I NEVER thought I would hear my wife say the sentence “So Joan has 20 frogs.” It hung in the evening air, peculiar and somehow rather exotic, waiting for us to examine it further.
“That’s quite a lot of frogs for one small pond,” she continued as we walked through the village.
“Sounds like a serious collection to me; how does Joan know there are 20?”
“I think she frogmarches them all out every morning for a head-count,” I said matter-of-factly.
My wife was duly impressed, but remained slightly concerned because she has never been what you might call a huge fan of frogs, particularly the type I had just described. In fact, when I said they were as big as my hands and a slimy camouflage green, she shuddered and fell strangely quiet.
“With eyes like black glass beads,” I added for effect, “that stared right back at you, almost questioningly, I thought.”
My wife considered this scene for a moment.
“So how many did you actually see staring right back at you, questioningly?” she asked hesitantly, her moonlit face showing a temporary wince.
I said I had seen maybe a dozen, although it was hard to tell since the pond water was quite murky and full of floating plants.
“But at one point you would have thought the whole pond was just one giant frog,” I added enthusiastically. “They were all jumping over one another and slipping off and sliding around.”
There was a lot more of that kind of thing, but I was speaking to myself. My wife had been triggered into flight and I had been left walking alone down a delightfully-spooky, moonlit road that shimmered before me like a huge reptile.
In reality, my frog encounter had actually been slightly charming. I had heard them when I was standing at the door of Joan’s gallery, the hard-to-pronounce Tolquhon, near Tarves.
For a moment, I thought it might be my stomach grumbling for its lunch because it’s not often you hear a chorus of frogs in this country, particularly in someone’s garden.
“That’s our frogs you’re hearing,” said Joan, much to my relief.
“I didn’t realise you kept frogs,” I replied, all fired up at the thought.
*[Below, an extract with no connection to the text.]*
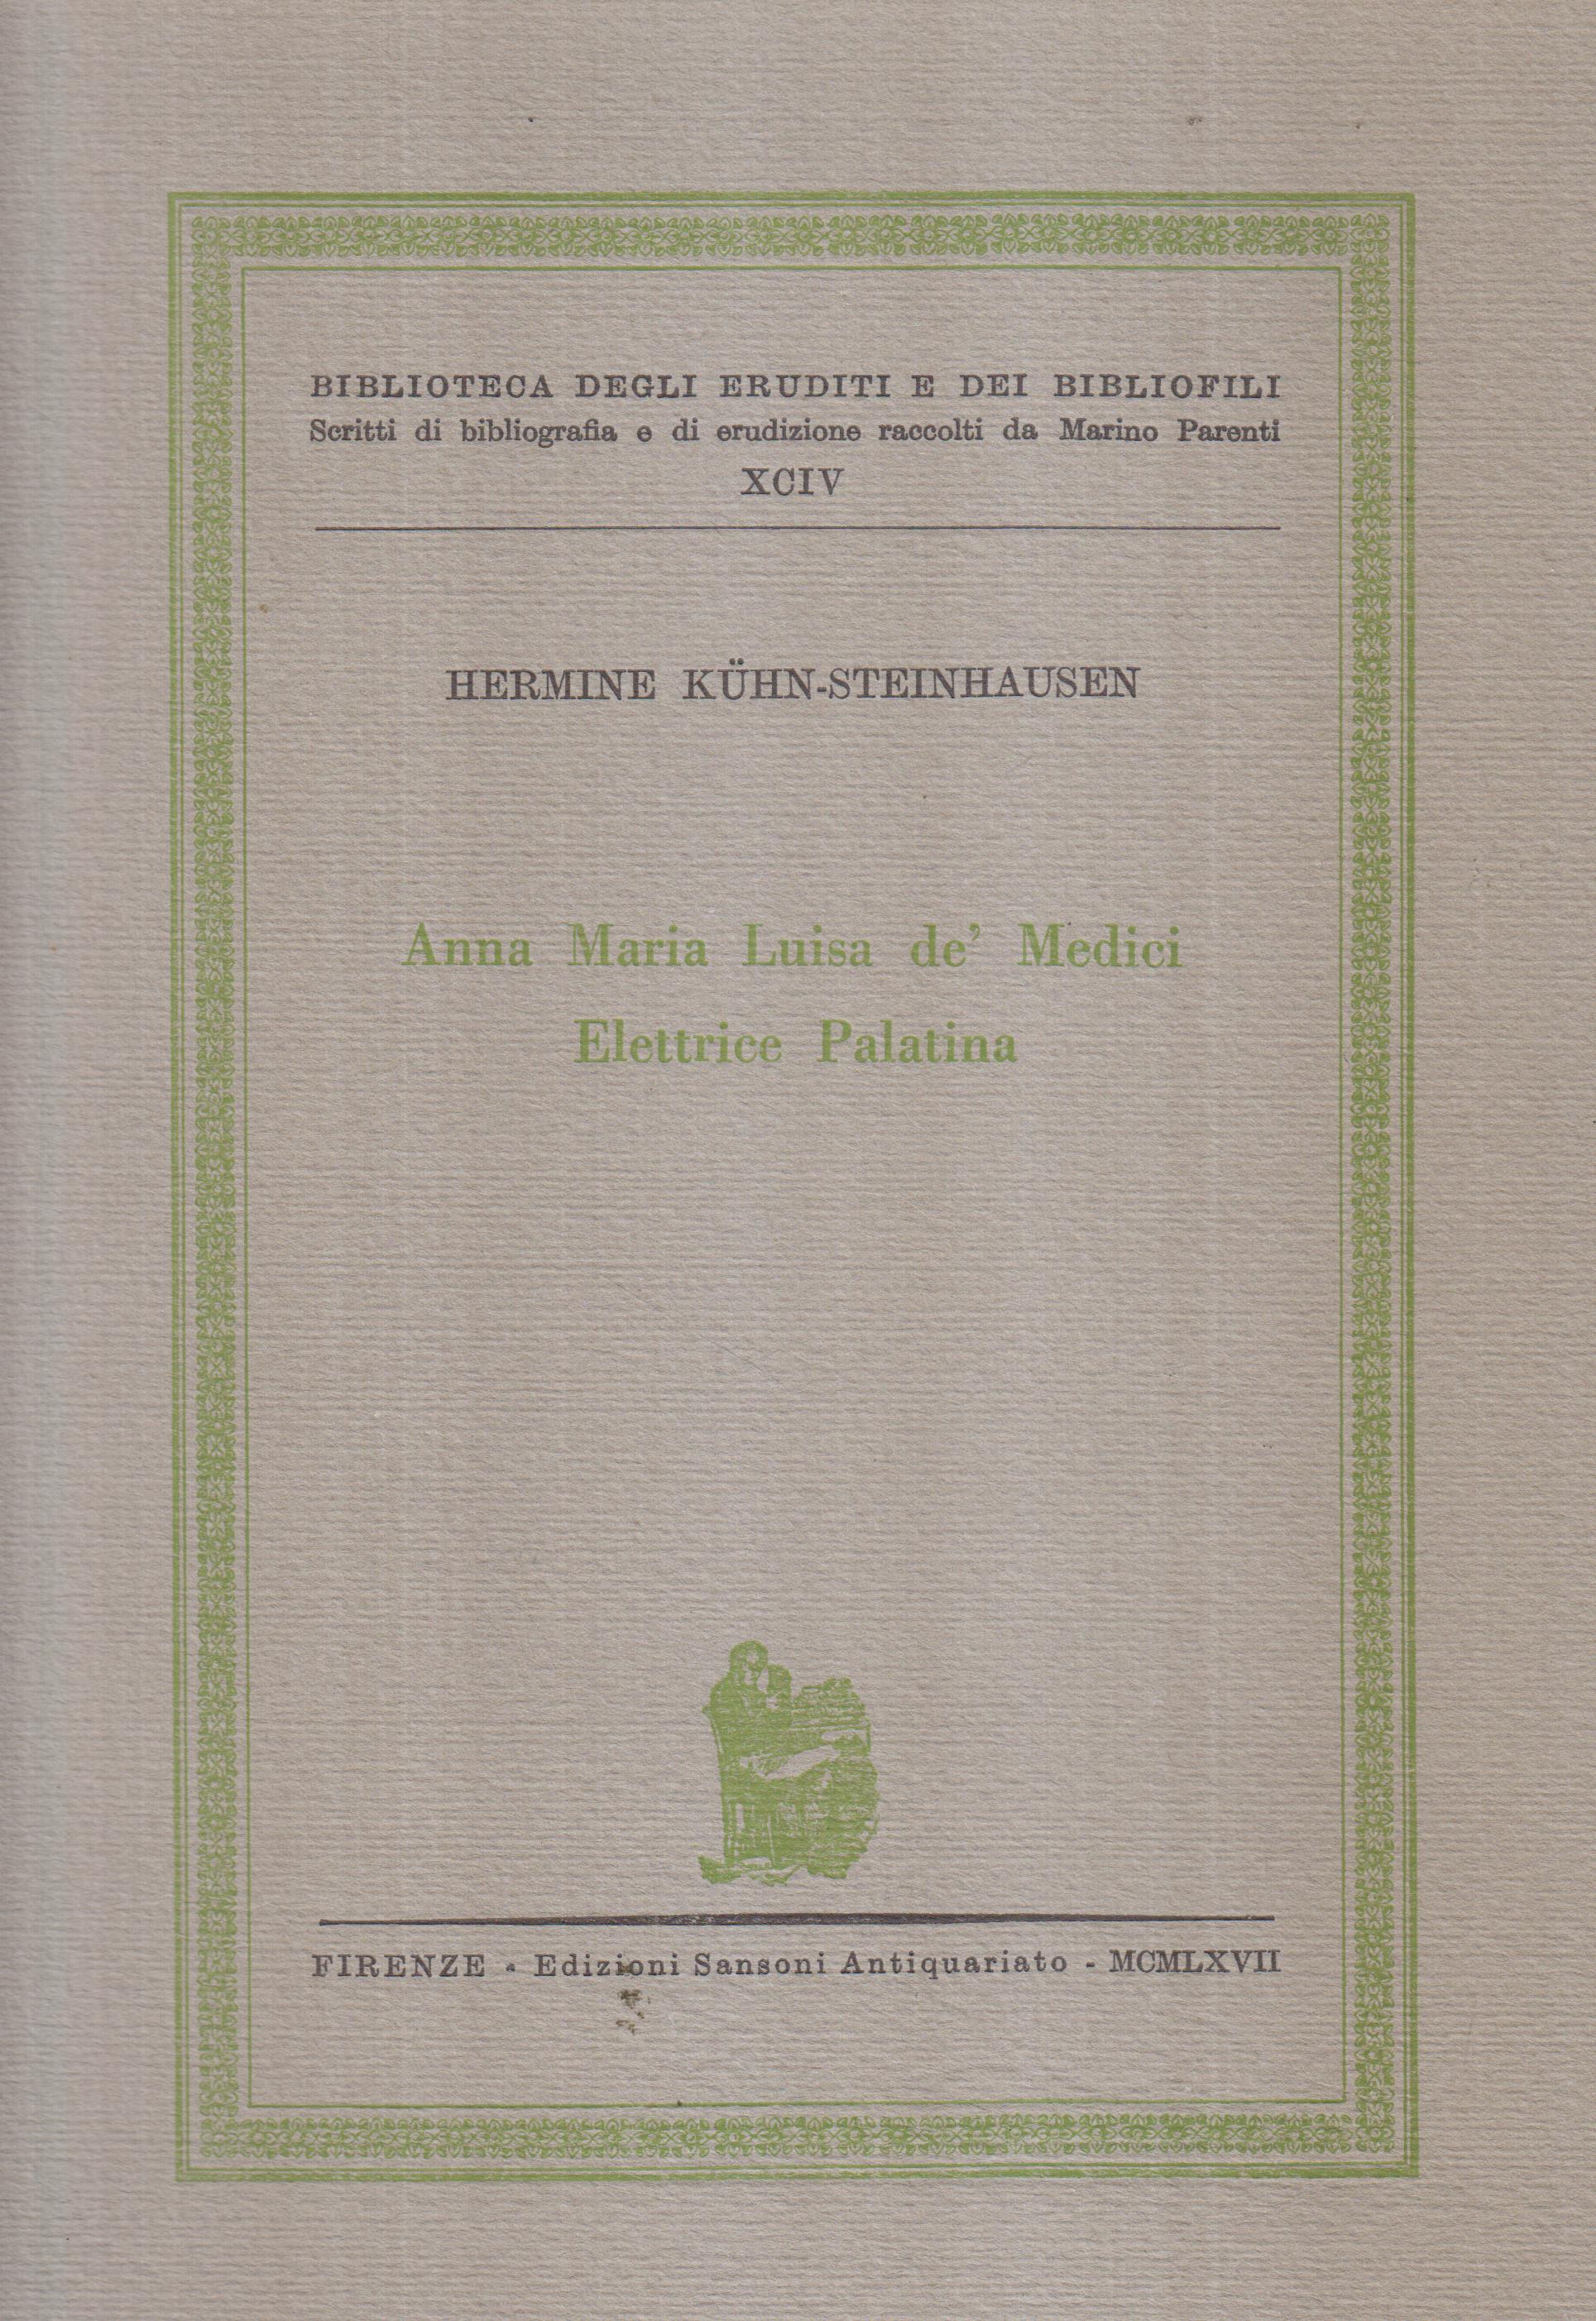 Anna Maria Luisa de' Medici Elettrice Palatina

“We don’t keep them as such,” corrected Joan. “They keep themselves in our pond.”
“Low maintenance, then; sounds like my kind of pets,” I mused as we walked down to the pond.
There was nothing to see at first, just a rather nice, larger-than-average-sized garden pond full of floating plants. The gallery sits on the crest of a hill, so I imagined the frogs must get a lovely view from this position.
Then one of them popped up, then another and before long at least a dozen of these large dark-green frogs were staring up at us, like spellbound princes waiting for the charm-breaking kiss to release them from their watery limbo.
If this was a fairytale fantasy film, all these frogs would have been visitors to the gallery that had fallen under Joan’s wicked spell and I was probably her next victim.
This was probably how she lured you in, a nice little trip down to the bottom of the garden to meet the frogs and then, bam, you are in the water and there is an amphibian slithering all over you.
Word had obviously got out because more frogs now turned up to meet us. Some sprawled out, long-legged and lazy, while others huddled in dopey-looking groups. Others just bobbed between the waterweed, trying to look coy and cute and, dare I say it, actually succeeding.
“They are strangely cute,” I said, and Joan agreed.
Then, as if we weren’t impressed enough, they spoiled it and started cavorting in what can best be described as a procreative fashion. Obviously, frogs have very high embarrassment thresholds, so we left them to it.
But they had obviously made quite an impression on me, to the extent that I reckon I must have been frog-tuned because, suddenly in the moonlit road in front of me, I saw one. Normally, I would have missed it and yet now in the half-dark it seemed quite obvious.
I called on my wife, who had the torch, and told her about my discovery, but she didn’t believe me.
“Honestly,” I shouted back. “It’s a huge frog; it must be the season for them.”
I reckoned it was probably between ponds and had been frightened by the torchlight.
“I’ll have to move it off the road,” I shouted to my wife.
“Well you can move it on your own,” she called back. “I’m not a paid-up member of frog rescue.”
I decided there was nothing for it but to run down and get the torch then bolt back before any traffic turned up and try to cajole the frog on to the safety of the verge. If necessary, I was prepared to pick it up, wearing one of my wife’s gloves, of course.
But just as I reached my wife, a car came over the hill, drove straight over the spot where I had left the frog and sped past us. My wife let out a small scream and then we stood in silence staring back up the road, where apparently I had thoughtlessly left an innocent frog to fend for itself against a big evil car.
“Well that’s probably the end of Freddie,” announced my wife emotionally.
“Freddie?” I said. “Who the heck’s Freddie?”
“Hopefully he didn’t feel a thing,” continued my wife.
A hundred yards on, my wife decided I had to go back and check on Freddie, so I did and took the torch with me. There was no sign of him, just a small mound of freshly flattened mud where I had left him. Apparently, my frog-spotting expertise owed a lot to my imagination.
“Looks like he made it,” I told my wife.
“Not one of Joan’s, then?” she asked.
“Hard to tell,” I said. “You know how it is: you’ve seen one frog you’ve seen 20.”